# How do i ride a walk pirouette?



## alex_mac30 (25 November 2014)

I am really stuck with riding a walk pirouette, can anyone explain the aids and also what exercises you use to build up to actually doing the pirouette.
I cant work out what I should be asking for and my poor horse is getting very confused. 
I have been riding then from squares, but i think I am pulling the front end round too much.
thanks


----------



## Cortez (25 November 2014)

Not easily explainable in writing - why don't you get a lesson from a decent instructor who can teach/demonstrate to both you and your horse what to do? If you've never done one before, it is much easier to first show the horse, then the rider.


----------



## romulus (25 November 2014)

Firstly is the horse ready to do walk pirouette?  It requires the horse to take the weight back onto the quarters and engage their core muscles efficiently.  Before even thinking about it the horse needs to move in rhythm and balance, be straight and understand basic lateral work.  I introduce it from quarters in working from straight lines onto a circle gradually decreasing the size of the circle but always maintaining forward motion.  I find that doing it on or from a square can in encourage the movement to become too static and as a resistance the horse may step back which is a difficult fault to overcome leading the horse to come behind the bit.  It will take time and I am sure that there are faster methods but I find that this way limits tension and it is easy to teach canter pirouettes using this method.


----------



## lizziebell (25 November 2014)

romulus said:



			Firstly is the horse ready to do walk pirouette?  It requires the horse to take the weight back onto the quarters and engage their core muscles efficiently.  Before even thinking about it the horse needs to move in rhythm and balance, be straight and understand basic lateral work.  I introduce it from quarters in working from straight lines onto a circle gradually decreasing the size of the circle but always maintaining forward motion.  I find that doing it on or from a square can in encourage the movement to become too static and as a resistance the horse may step back which is a difficult fault to overcome leading the horse to come behind the bit.  It will take time and I am sure that there are faster methods but I find that this way limits tension and it is easy to teach canter pirouettes using this method.
		
Click to expand...

This ^^^^
Remember to keep the walk active with the hind legs. This is a great video showing a good walk pirouette -
http://m.youtube.com/watch?v=sGA2WAhDE34


----------



## Simon Battram (25 November 2014)

Sorry but the video link to the walk pirouette is not a good example. The horse is over bent, short in the neck, tense through the jaw and swishing the tail.

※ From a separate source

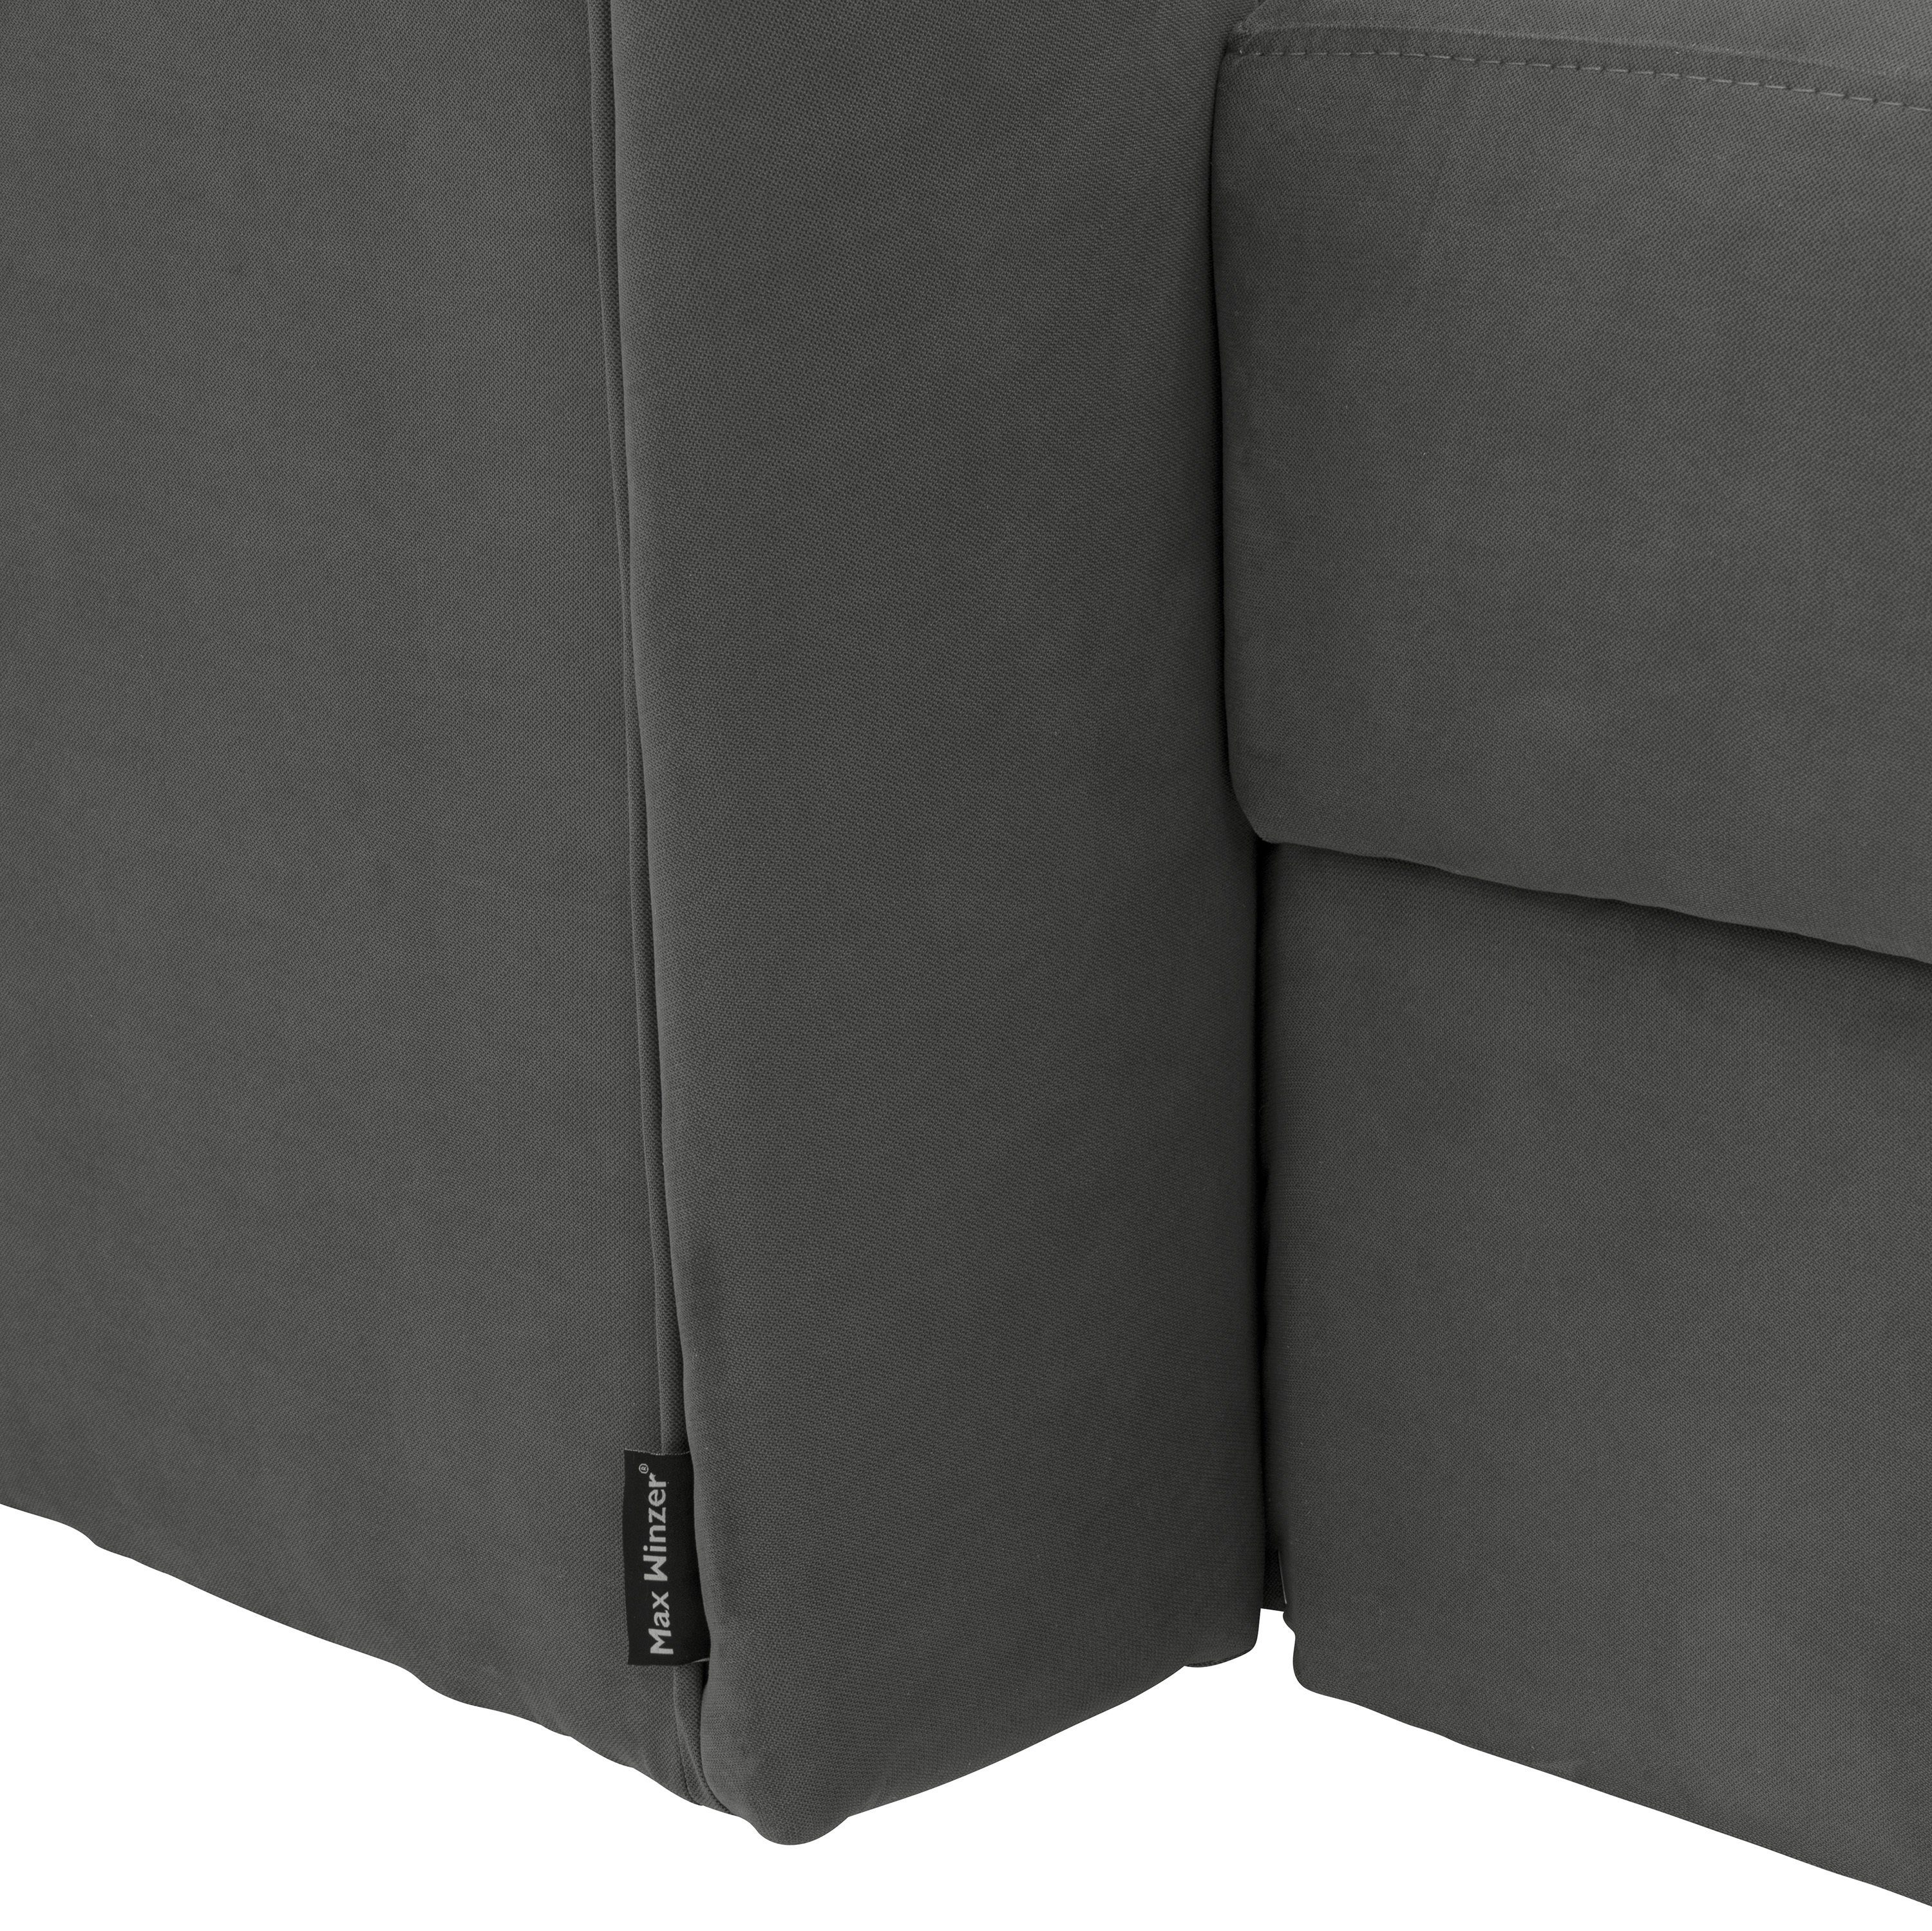 rechts Winzer® Max Sofa Recamiere Armlehne Evelyn,

Aids for a walk pirouette:
- Inside leg at the girth providing the forward energy
- Inside rein asking for the bend
- Outside leg guiding the hindquarters
- Outside rein guiding the outside shoulder
- Weight on inside seat bone
- Upper body turning to face the horses ears

- The horse should be light to the bridle, soft to the hand with acceptance of the contact. 
- S/he should be reactive to the forward driving aids.
- The rider should be able to flex the horse softly through the throatlash area and relax the jaw.
- The horse should be able to show correct lateral bend (including the flexion) through the whole body.

In other words if you are having an issue with an individual movement then break it down to look at its component parts and then put the jigsaw back together again.

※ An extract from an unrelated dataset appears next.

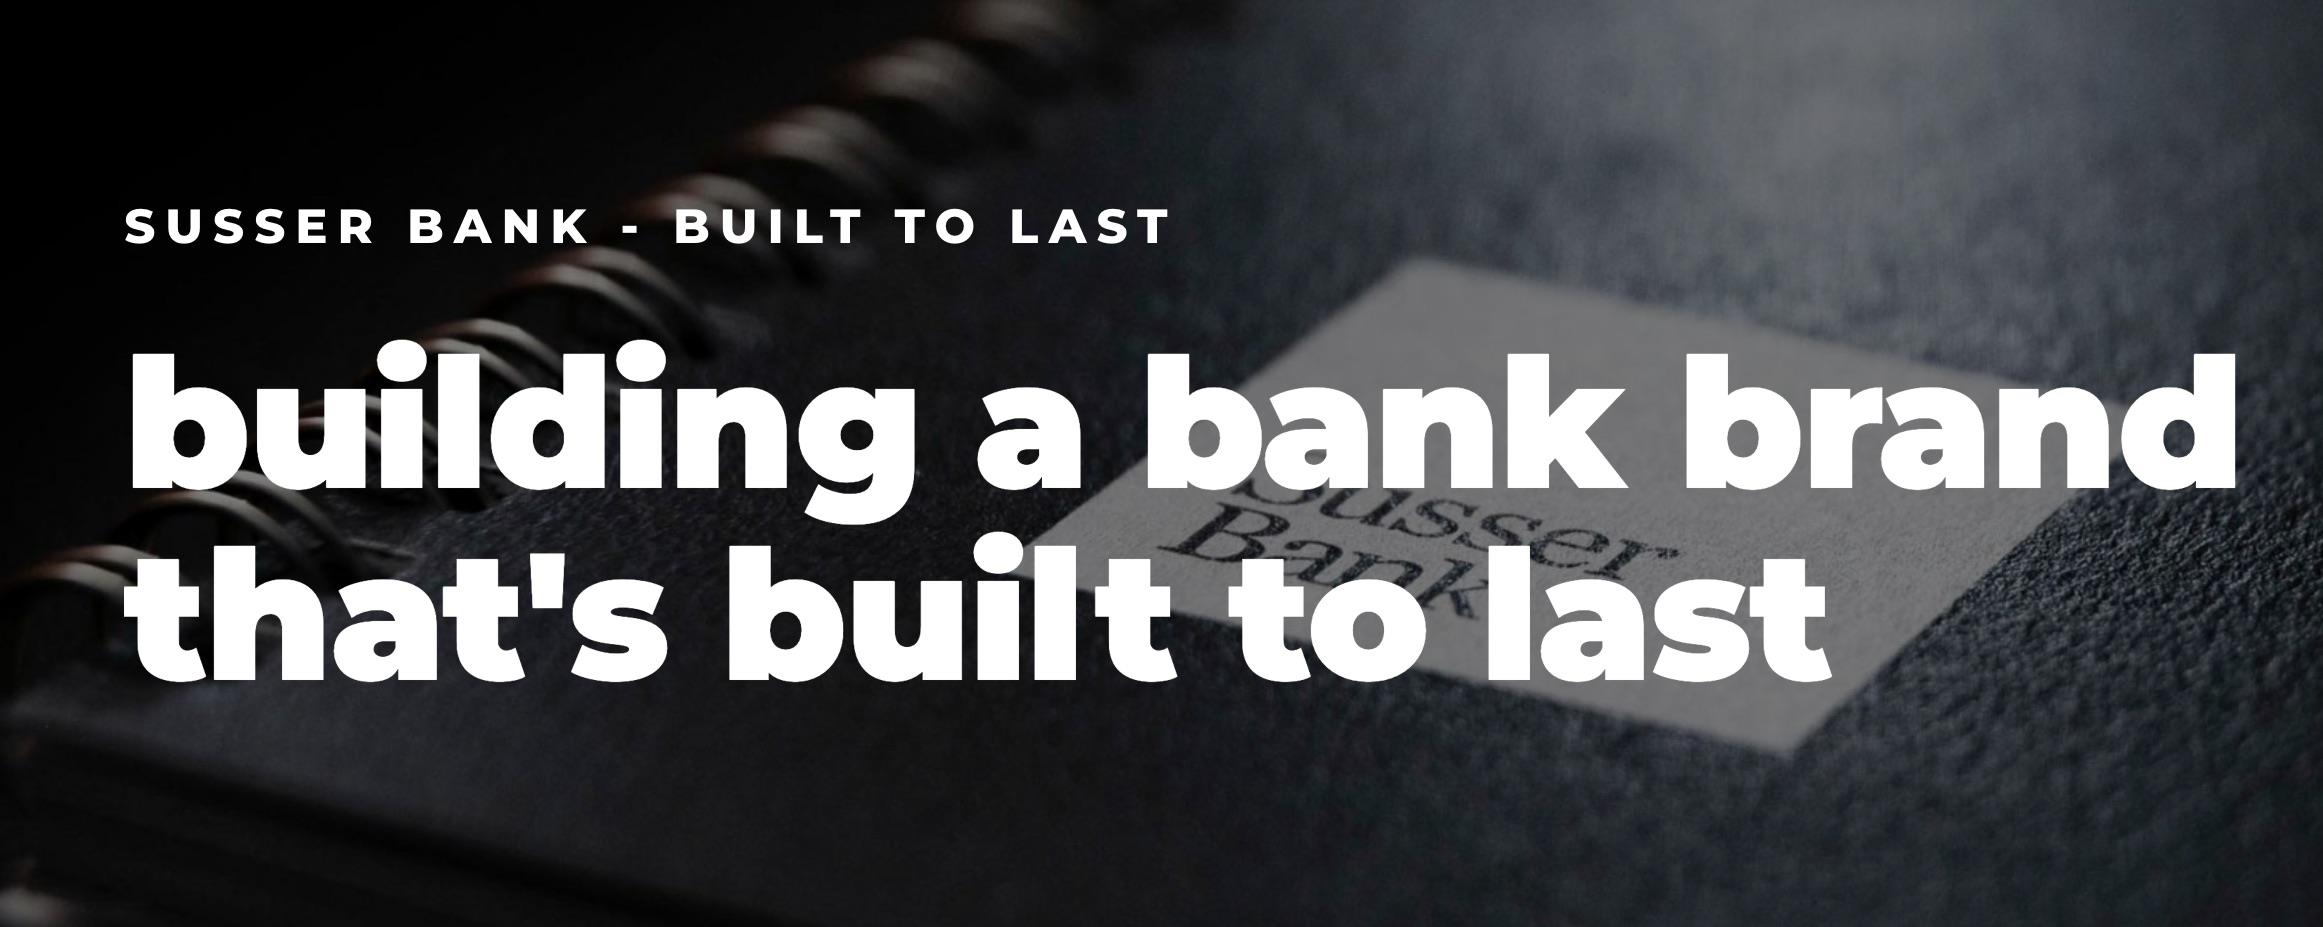 Buidling a Bank Brand That

Squares are a super exercise, quarters in on a circle is another.


----------



## Booboos (25 November 2014)

You need someone on the ground - this is so easy to get wrong you can end up with the shoulders and quarters all over the place and nothing even close to a pirouette. I use the aids SB mentions above and like using squares for 1/4 pirouettes but you do need to get a feel for how to do it correctly and even then it can go wrong!


----------



## alex_mac30 (26 November 2014)

I have a really good instructor who is great at explaining exercises but i am really struggling to grasp this one. We are working with quarters in on the circle and then moving to the square exercise. I think looking at SB resonse the bit I am missing is moving my weight. This seems to be a common thing for me, I move the legs and hands but forget to shift my weight.
My horse is good at lateral work and picks things up quickly, so if he is struggling with something it is usually because Im not giving the aid correctly.
Thanks everyone


----------



## ihatework (26 November 2014)

Also just to add, control of the outside shoulder is vital too.

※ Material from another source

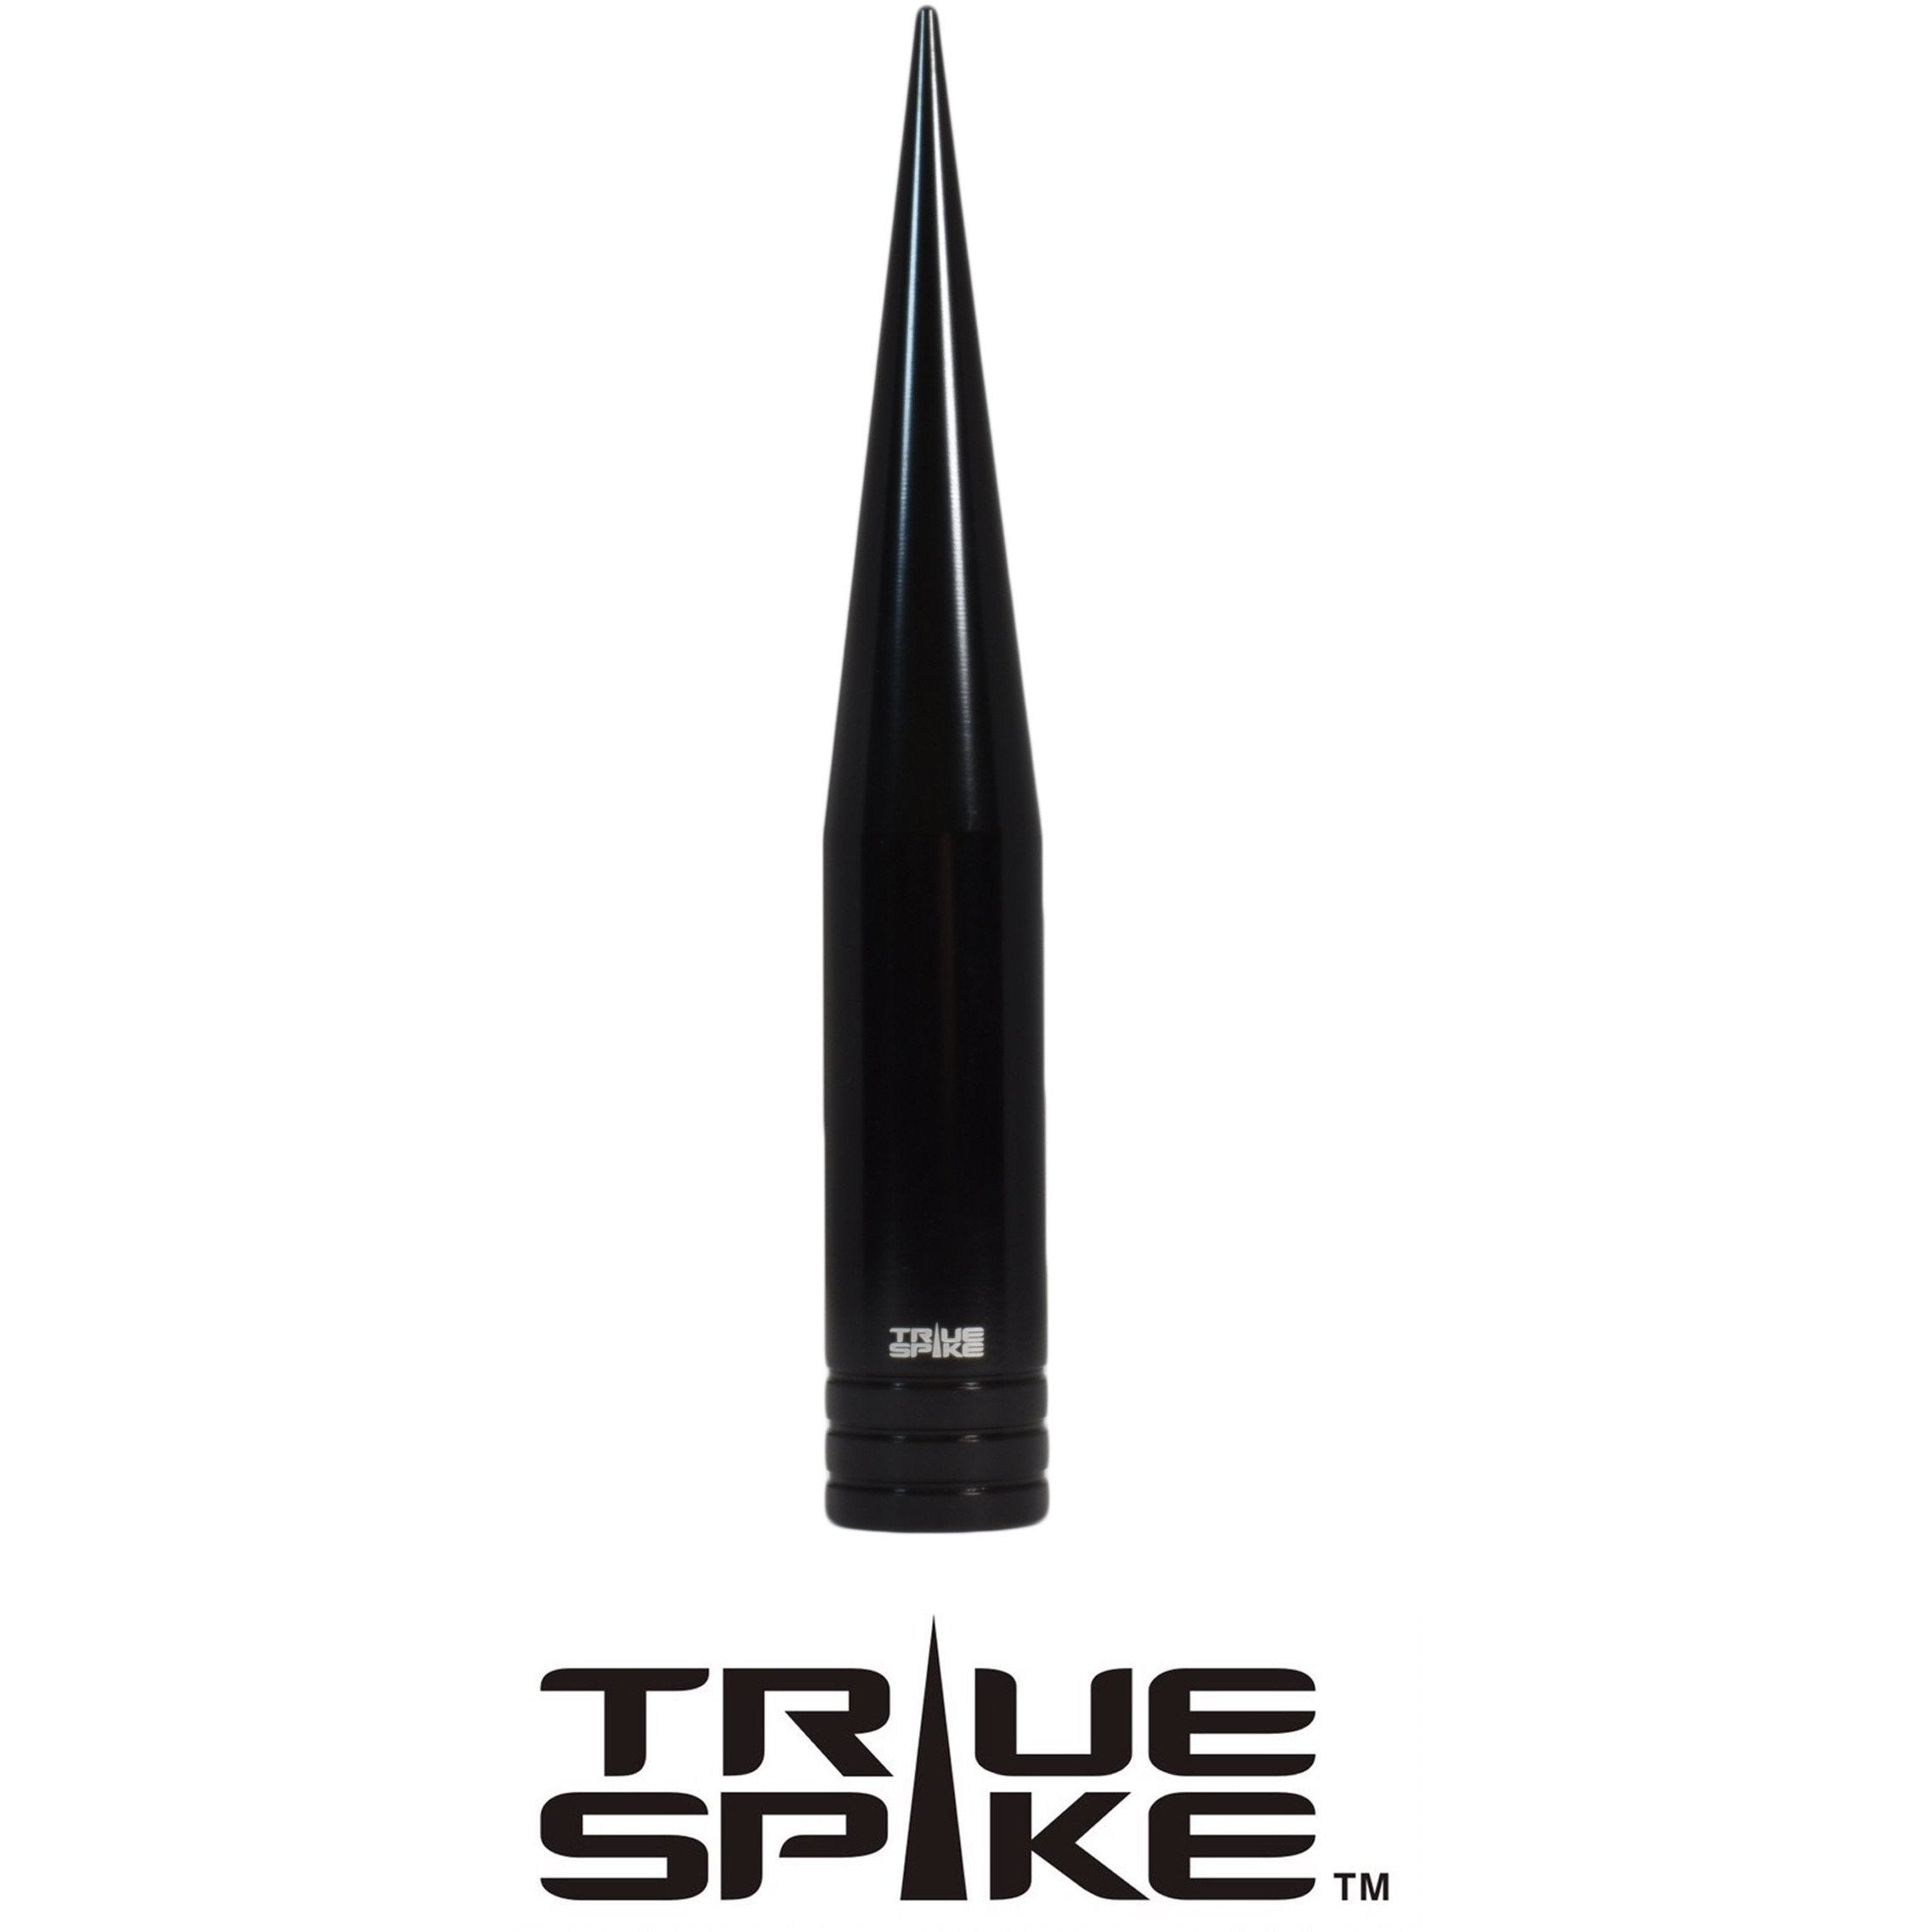 TRUE SPIKE 136mm Antenna SA040 - Tires and Engine Performance

I had a bit of a light bulb moment this summer when riding a very advanced schoolmaster highlighted the fact that I didn't have the control of the outside shoulder that I would previously have thought I had.


----------



## Booboos (26 November 2014)

To me it feels like I am picking the shoulders up and moving them a step to the inside. Does that help at all?


----------



## JillA (26 November 2014)

It can be done with shoulder in, on a circle, so that the haunches form the circle and the forehand does the SI around them. Just make the circle with the haunches smaller and smaller, horse will let you know if he isn't supple enough or balanced enough as yet because he will fall in. Just a stride or two to begin with and a large circle.


----------



## Sol (26 November 2014)

I just started attempting them on Dan a few weeks ago. We'd been doing lots of work on a small-ish circle (15-12m ish usually) & riding shoulder-fore, shoulder-in, 'shoulder-out' (does that have a proper name?!), travers & renvers, varying back & forth between them all so he was really listening & really supple and I was just changing my body position more than using my hands/legs. From there is was really easy one day to go shoulder-fore, pop my outside leg back & do a 1/2 walk pirouette and it helped me to ride it forwards rather than previously where I'd been trying to hold on to him too much and he didn't understand (understandably!)


----------



## tristar (26 November 2014)

I turn my body and weight to the right, hold the right rein, when I say hold I really mean feel, I support the outside shoulder in a guiding way, but I use my outside leg, in this case left leg forward, so I feel the horse stepping into the piri which means it is more on the quarters and feels light  on the front, no pulling or shoving just riding into it and not blocking the horse, sort of keeping the forwardness somehow, in fact I this afternoon riding a recently broken 6 year old who is big and gangly I asked for this and he did it beautifully, first time,not  clutching  at the front end helps,


----------



## spookypony (27 November 2014)

It seems 'tis the season to try walk pirouettes; we had our first wee go with the Ballerina Mare a few weeks ago, by doing the quarter piri in a square thing. The feeling Booboos describes totally makes sense to me, and I have no idea why.  Must go off and think about it now! I too am frequently naughty with my inside rein; as soon as I stopped doing that, she sorted it out for me.


----------



## Palindrome (27 November 2014)

I do have my outside leg against the horse like Tristar, otherwise half halt and turn, seating tall like if we were stopping but turning with the upper body. Perhaps try to turn on the haunches 180 degrees when walking on the long side so the horse understands what you are going for (with fence behind you for support).


----------